• DATA
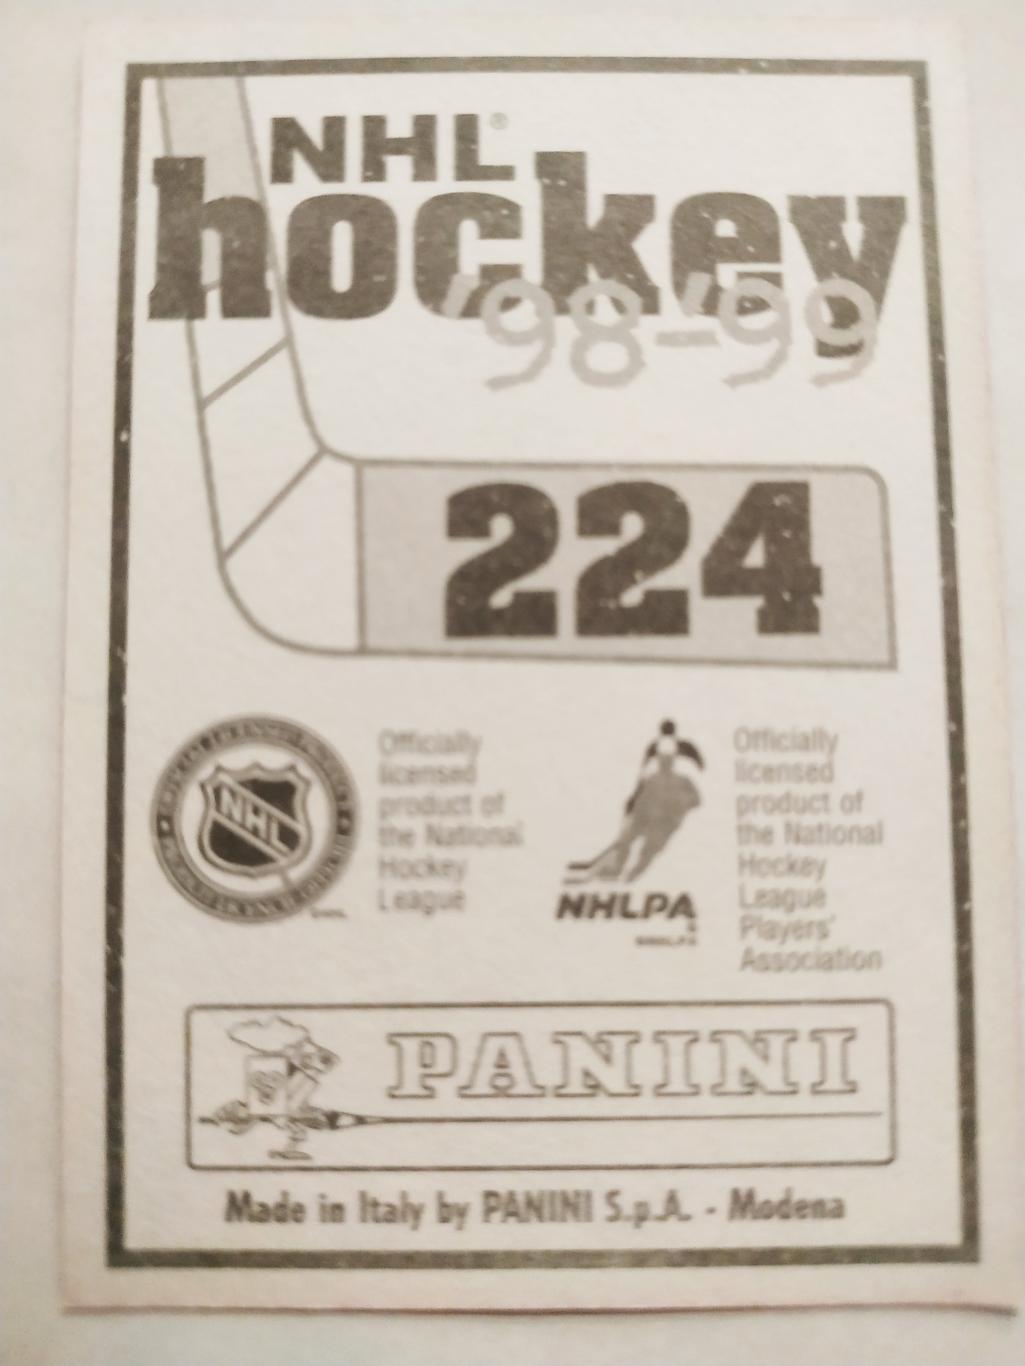 ХОККЕЙ НАКЛЕЙКА НХЛ ПАНИНИ 1998-1999 КОЛЛЕКЦИЯ NHL PANINI ROB BLAKE #224 1
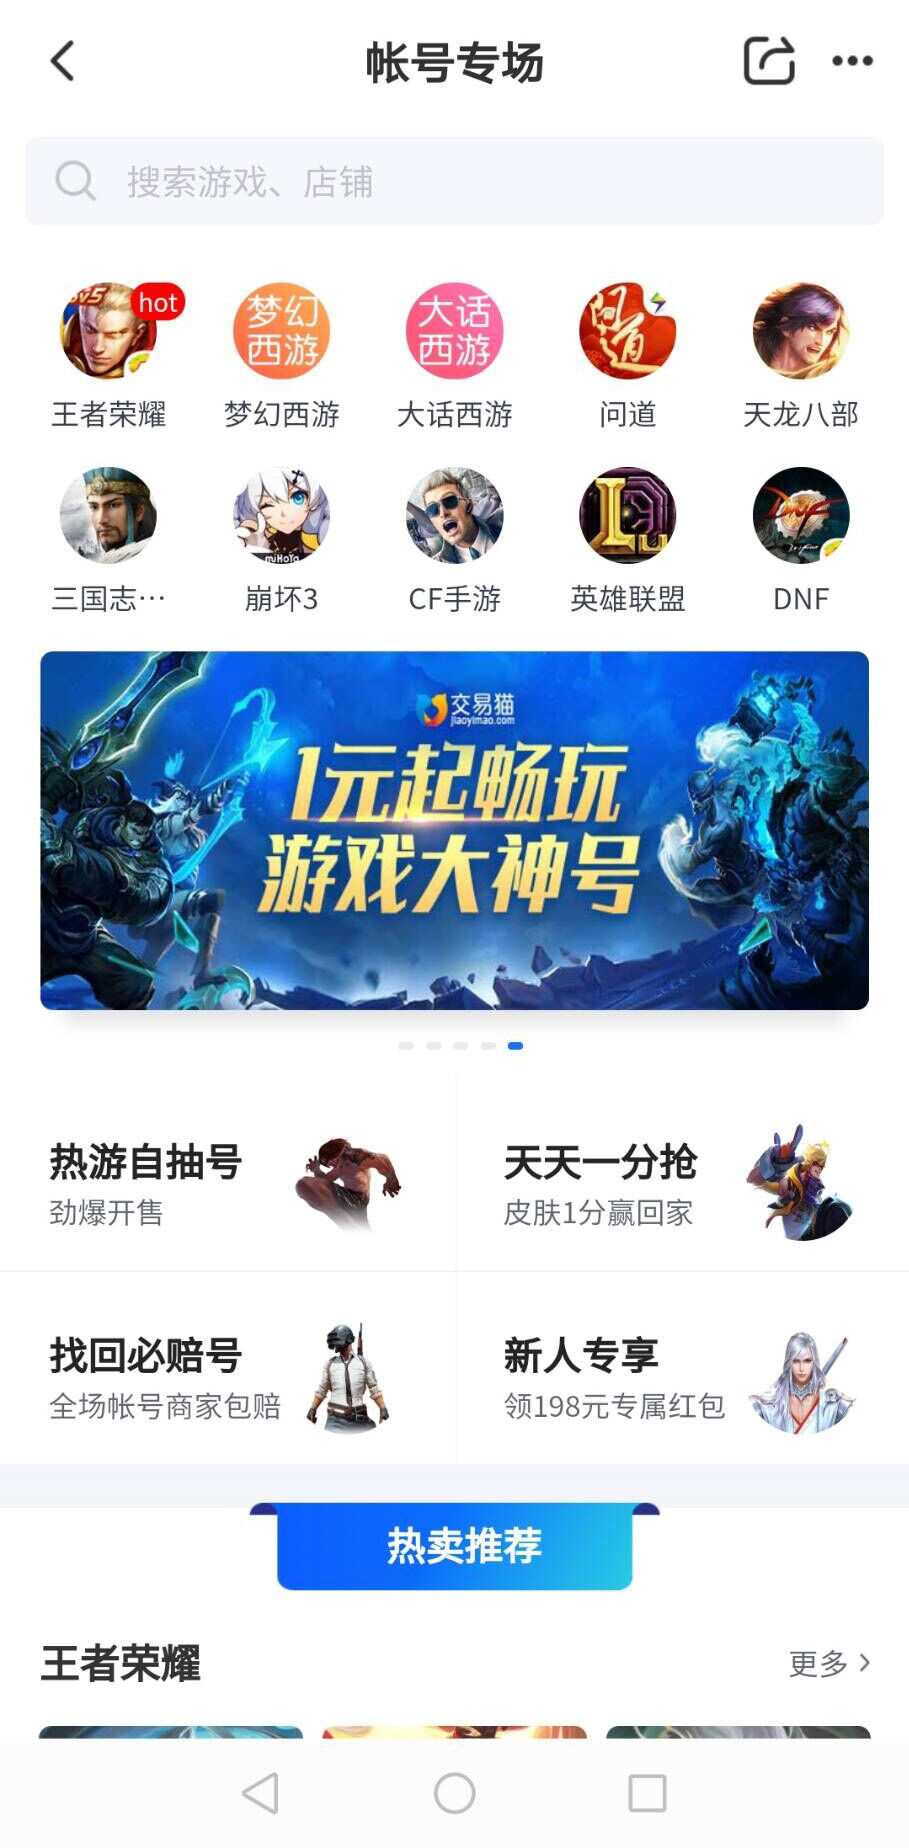 深圳买游戏的地方_深圳游戏_比深圳便宜的手机游戏平台
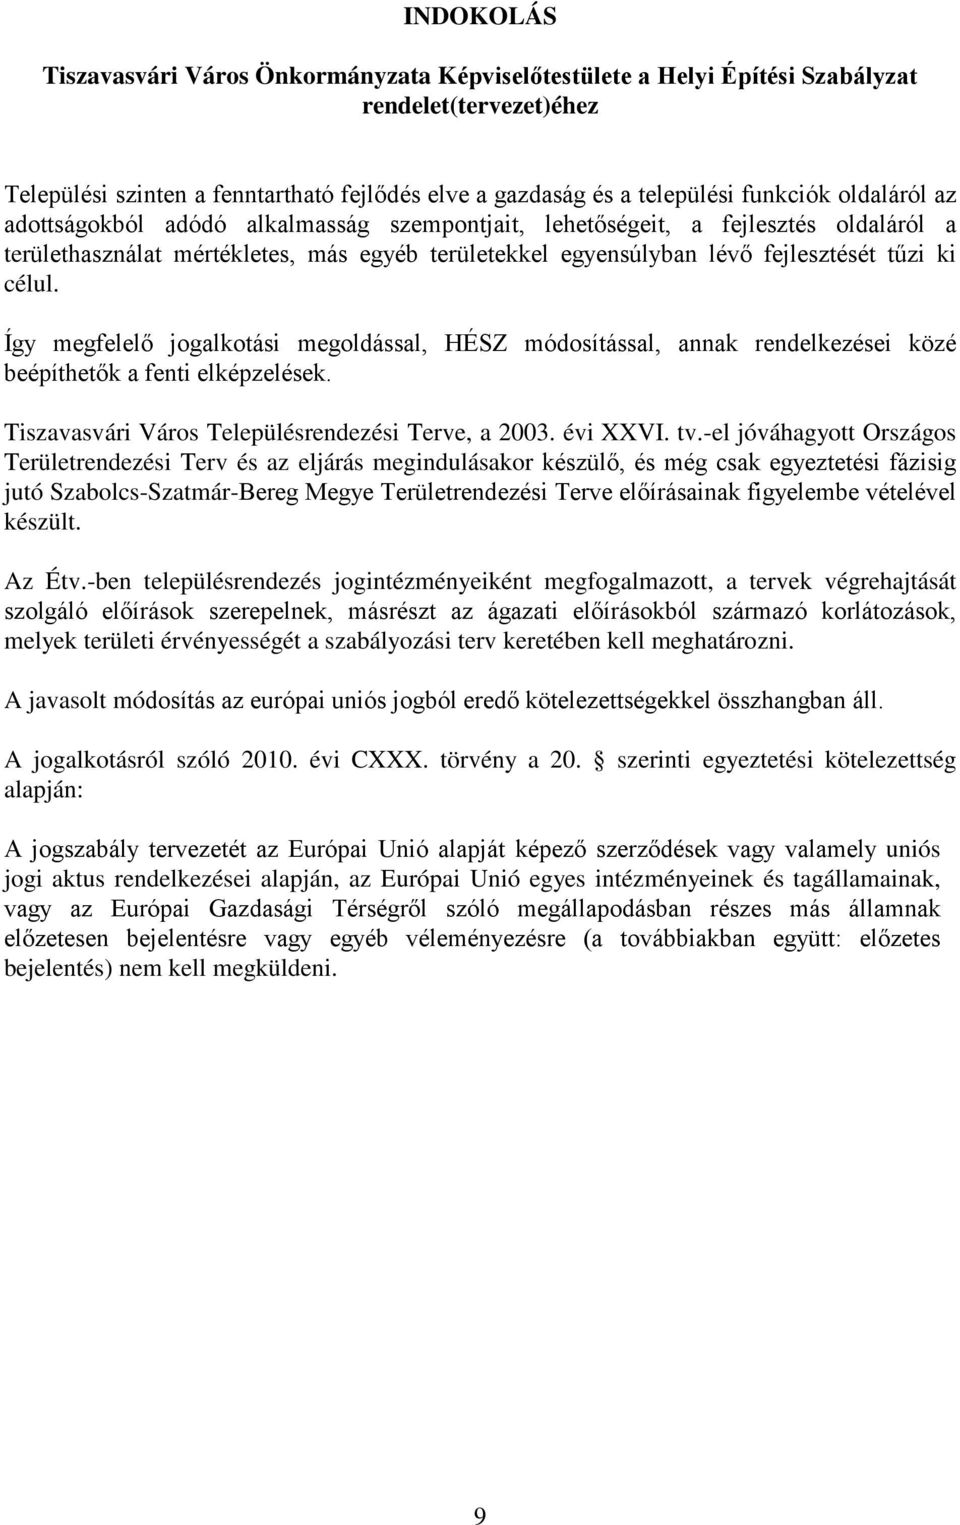 Így megfelelő jogalkotási megoldással, HÉSZ módosítással, annak rendelkezései közé beépíthetők a fenti elképzelések. Tiszavasvári Város Településrendezési Terve, a 2003. évi XXVI. tv.
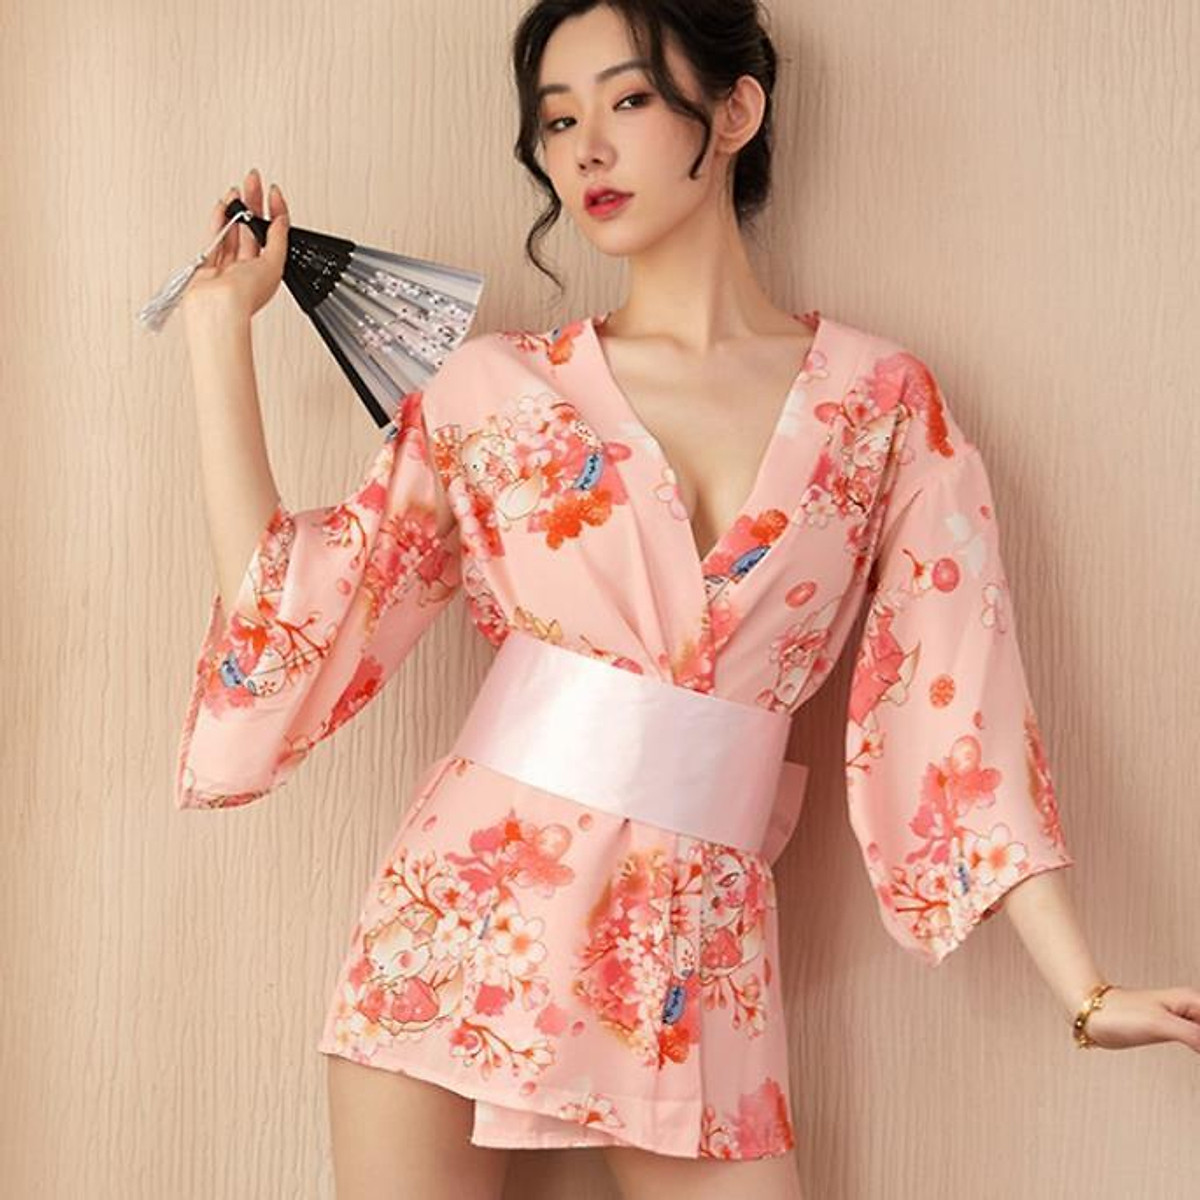 Bộ đồ ngủ kimono quần short hoa dễ thương TK1415 còn xanh  Happyshop
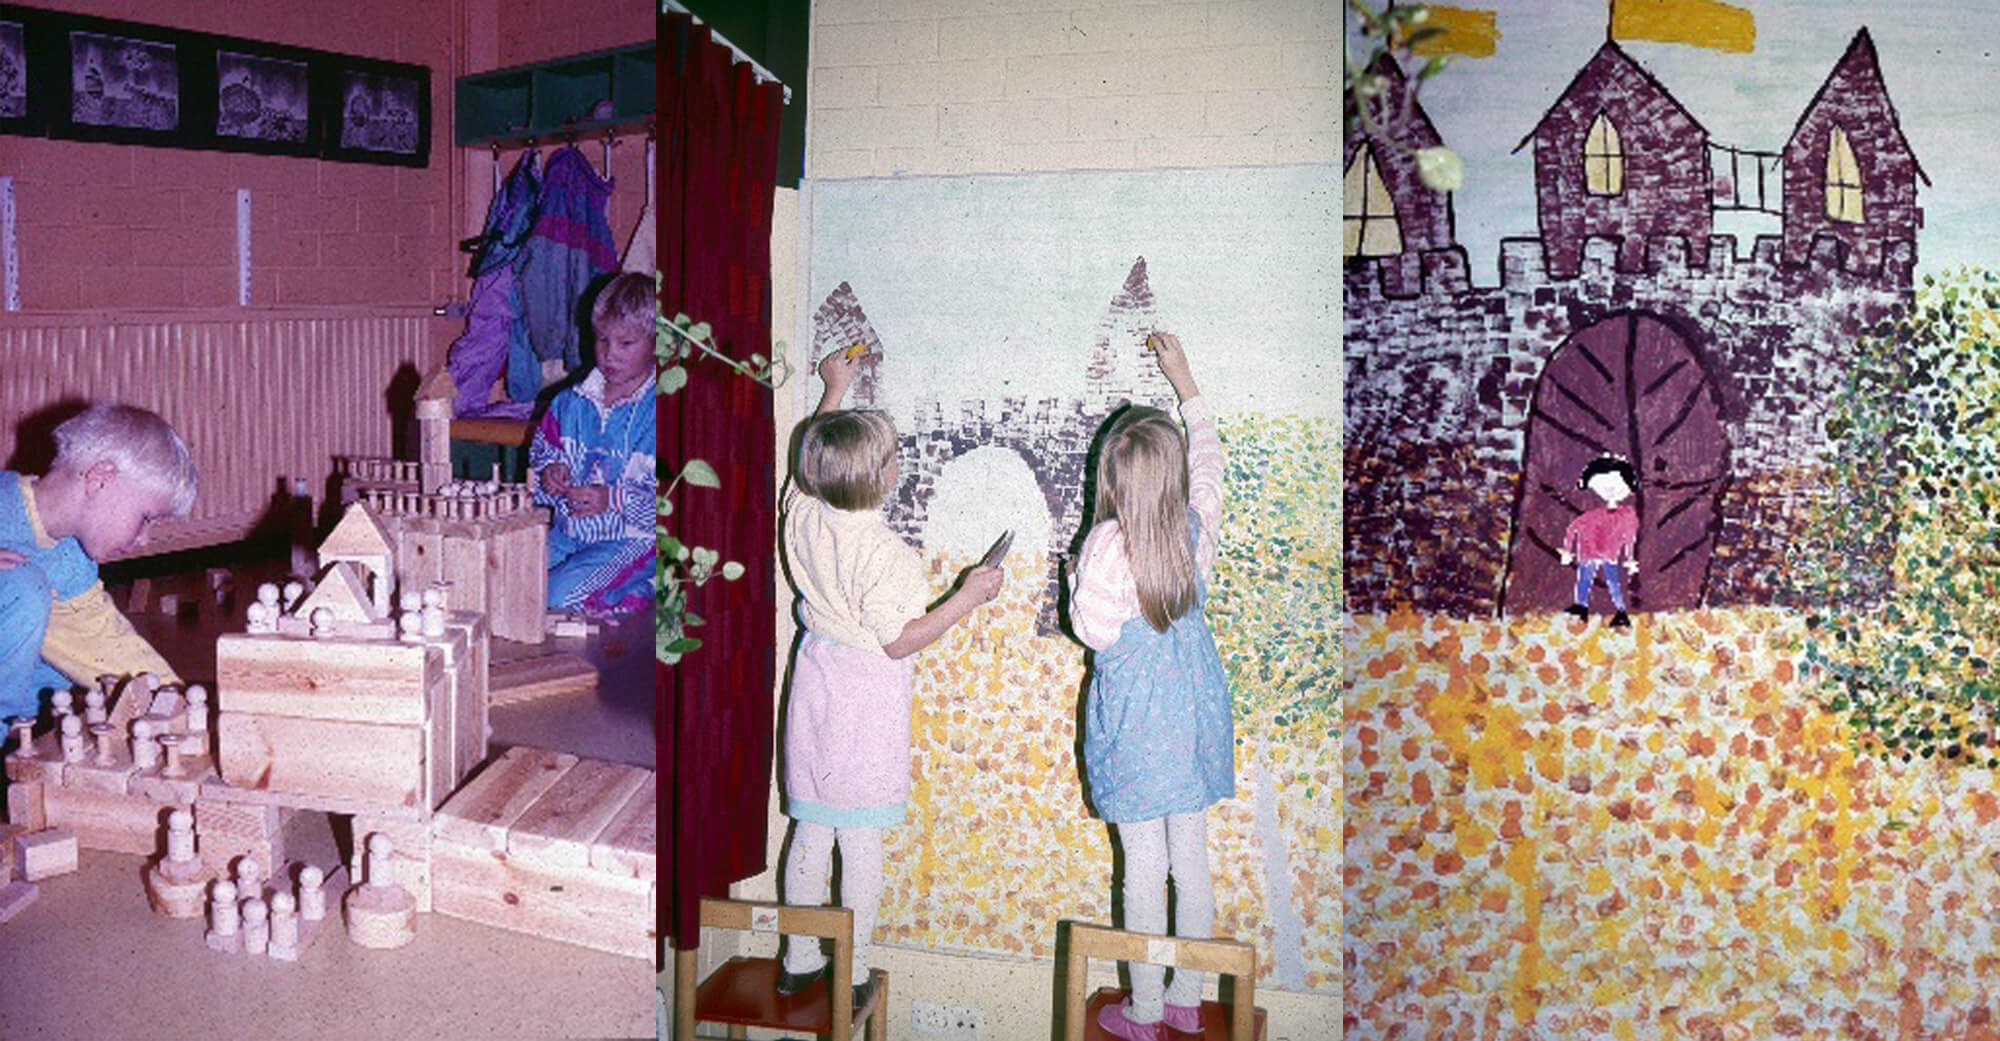 Kollaasikuva, jossa vasemmalla kaksi lasta rakentaa palikoista linnaa. Keskimmäisessä kuvassa kaksi lasta maalaa pilkutustekniikalla seinälle asetettuun suureen maalausalustaan linnan ääriviivoja. Oikeanpuoleisessa kuvassa maalaus, jota kaksi lasta keskimmäisessä kuvassa tekevät, on valmis. Teoksen tekemiseen on osallistunut varmasti koko lapsiryhmän lapset omilla vuoroillaan. Lastentarhamuseon valokuvakokoelma.

• ASSIGNMENT
Leave the pictures out, and transcribe exactly the lines above starting at the one that contains "深圳买游戏的地方_深圳游戏_比深圳便宜的手机游戏平台" and ending at the one that contains "Bộ đồ ngủ kimono".

• TASK SOLUTION
 深圳买游戏的地方_深圳游戏_比深圳便宜的手机游戏平台
 Így megfelelő jogalkotási megoldással, HÉSZ módosítással, annak rendelkezései közé beépíthetők a fenti elképzelések. Tiszavasvári Város Településrendezési Terve, a 2003. évi XXVI. tv.
 Bộ đồ ngủ kimono quần short hoa dễ thương TK1415 còn xanh  Happyshop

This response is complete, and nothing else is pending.